# Navarre Beach Algae bloom



## JoeTheFisherman (May 26, 2008)

Anyone happen to notice all the green slime at the beach lately? What gives? this didn't happen last year. Does it affect the fishability ?


----------



## Firedawg (Feb 28, 2008)

I had it all over my line on the first cast and saw it all in the water so I hit the bay and got a 4lb speck. Too bad about the beach there was bait everywhere along with the dozen kayaks.


----------



## Turbow (Mar 7, 2008)

We tried fishing long lines last night. It was impossible. The algae tangled lines and broke 3 out of 4 of that we had out. We lost a lot of terminal tackle last night.


----------



## JoeTheFisherman (May 26, 2008)

That's too bad. does anyone remember this ever happening before, and if so how long until it's gone?


----------



## true-king (Oct 2, 2007)

That green junk was at pensacola beachlast year. Surf fishing is impossible with that stuff. It gets on every knot, swivel, hook, and weight you put out there.


----------



## need2fish (Oct 2, 2007)

Yeah - it was pretty nasty.

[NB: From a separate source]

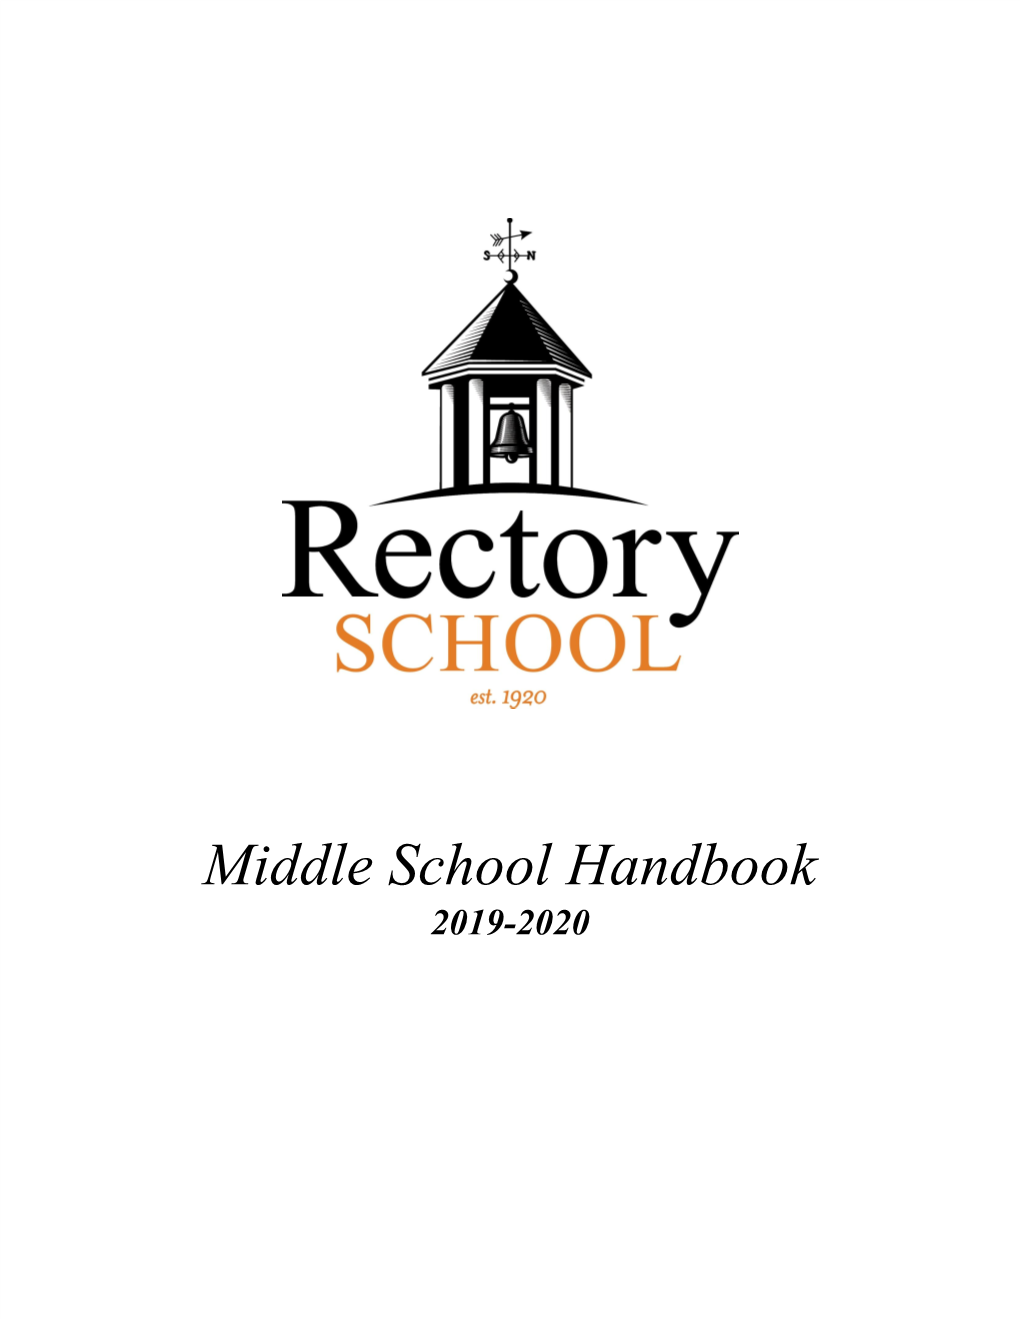 Middle School Handbook 2019-2020

Wasn't there in the morning but started drifting in after around 11 am or Noon. Lot's of bait out and birds but the grass, algae or whatever it was made a mess of your line and anything you had on it.


----------



## Inn Deep (Oct 3, 2007)

This pretty much happens every year about this time. We always called it June Grass. Depending on the weather , currents and winds on how long it will stay. Could be a week, could be a month.


----------